Следующая новость сразила Антона наповал: его подельник полицай Васька Худолей оказался вовсе и не полицай, а самый что ни на есть партизан!

– Они ко мне вместе с Ленькой Лосевым заходили, интересовались тобой, Антоша, – почему-то шепотом, оглядываясь по сторонам, поведала Фекла. – Я как их вместе увидела, так чуть от страха не умерла. А Ленька хохочет, говорит, не бойся, мол, это наш человек, только временно примерил себе вражескую личину, вот, – поджав губы, закончила она.

Антон прямо сел на кровать, оглушенный такой новостью: теперь все становилось на место. И его пьянство было только прикрытием; и понятно его рвение на уборке урожая в прошлом году; и почему и как организованно исчез этот урожай с полей, со складов; и куда он подевался, как не к партизанам; и вот кто предупредил евреев, когда на них была облава!

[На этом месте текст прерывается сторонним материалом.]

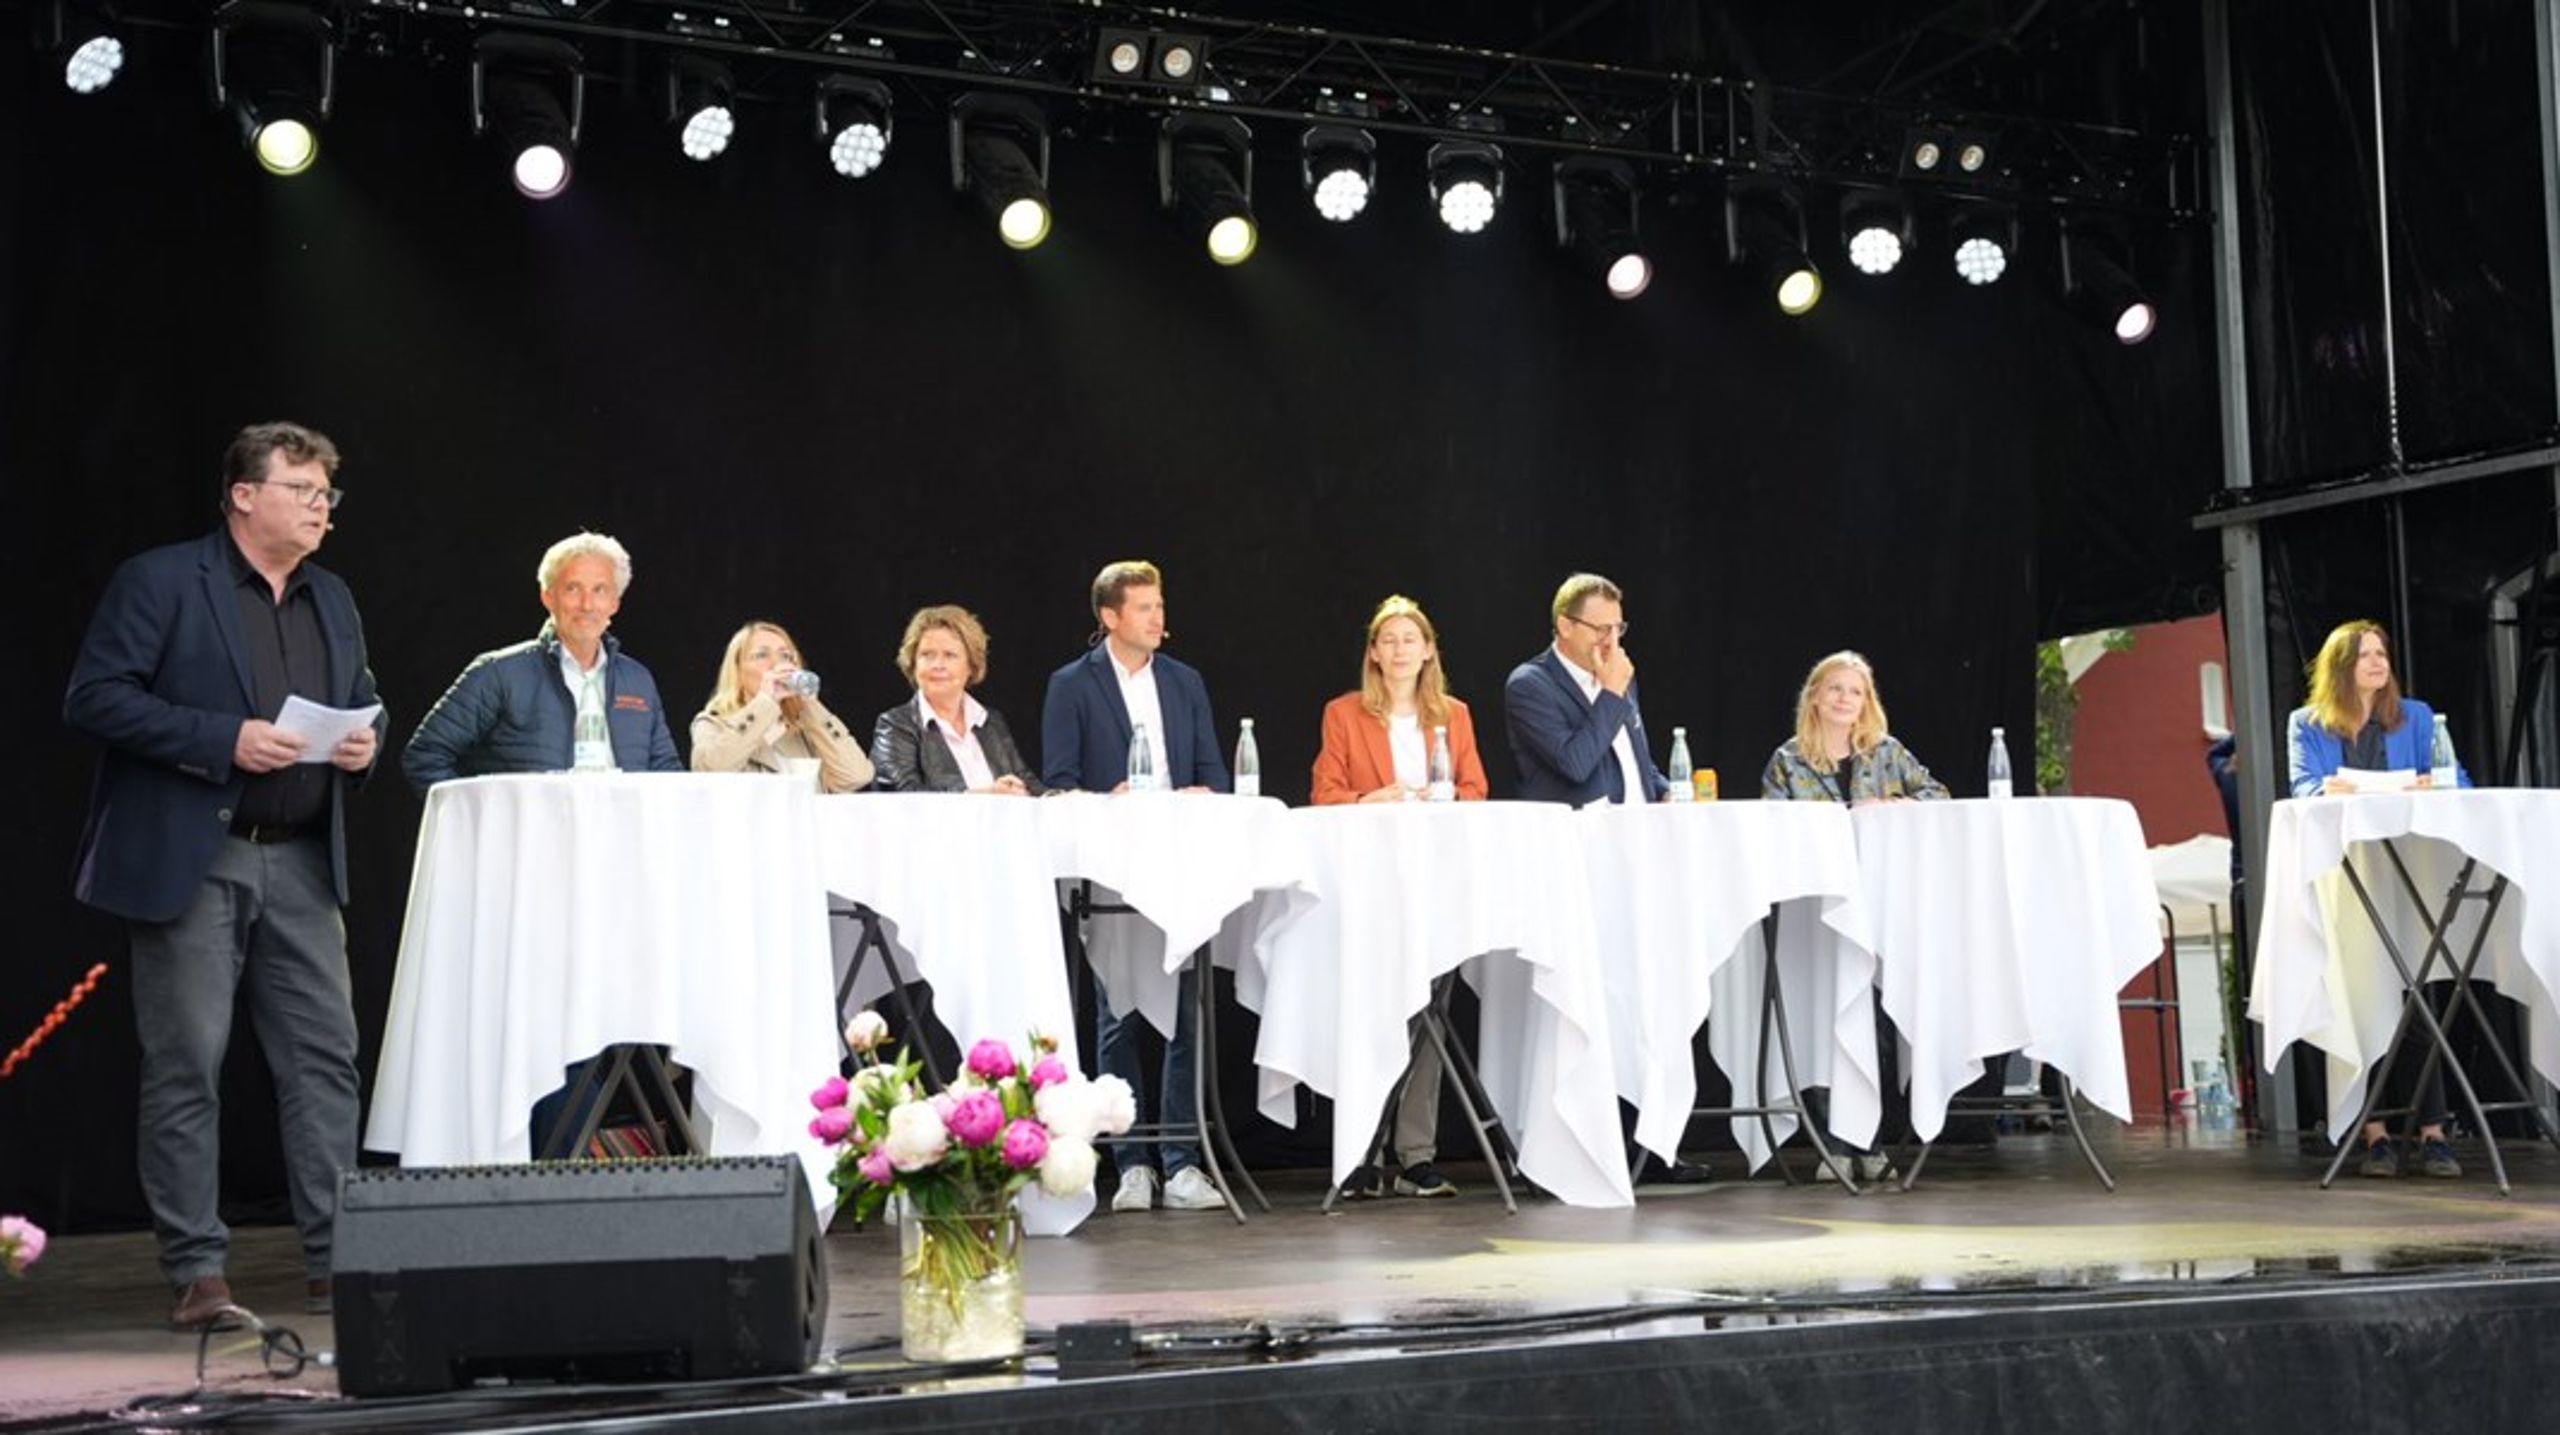 Fredag eftermiddag på Egepladsen i Mariager havde Altingets Rikke Albrechtsen og Thomas Lauritzen en række spidskandidater på scenen til debat om blandt andet klima, forsvar, udvidelse og grænsekontrol.

– Ай да Васька! Ну и артист! – только и смог промолвить Антон. – Все теперь мне ясно, а все равно одного понять не могу – как он умудрился предупредить евреев?

– Да все просто, Антоша! – Фекла удивилась, что ее Антон не разгадал такую простую загадку. – Когда вы шли с Васькой с комендатуры, Худолей перебрасывал свою винтовку с плеча на плечо. И так несколько раз, пока кто-нибудь из деревенских не увидит. Это был сигнал прятаться красноармейцам, коммунистам и евреям! Все так просто, об этом знали практически все жители деревни, кроме тебя, дурачка! – она смеялась, поглаживая ему голову.

– Да-а, дела-а! – Щербичу было неприятно чувствовать себя простофилей, мальчишкой, которого обвели вокруг пальца. – Кто б мог подумать? – как бы оправдывался перед присутствующими.

– Я давно догадывался, что твой помощник не так прост, как кажется, – Прибытков вмешался в разговор, потирая руки. – Помнишь, я тебе говорил, что Петька Сидоркин не простит смерти своей семьи?

– Ну, припоминаю, дядя Кирюша, – Антон с интересом уставился на товарища.

– Не нукай, не запряг. Я это к тому, что в людях надо хоть маломало разбираться, дорогой Антон. Скажи спасибо, что не прикончил тебя втихаря Василий Петрович Худолей.

– А почему, как думаешь? – Антону и самому захотелось узнать, почему его не убрал Васька, ведь он мог это сделать в любой момент и наверняка.

– Заказа не было, вот и все, – просто ответил Кирюша. – А мелюзга сама, самостоятельно покушалась на тебя. Вот поэтому ты и сидишь передо мной. До поры до времени ты был нужен живым, что бы за твоей спиной делать то, что нужно партизанам. Вот так то вот, Антон Степанович! – улыбнулся, похлопал его по плечу. – Не расстраивайся, это жизнь.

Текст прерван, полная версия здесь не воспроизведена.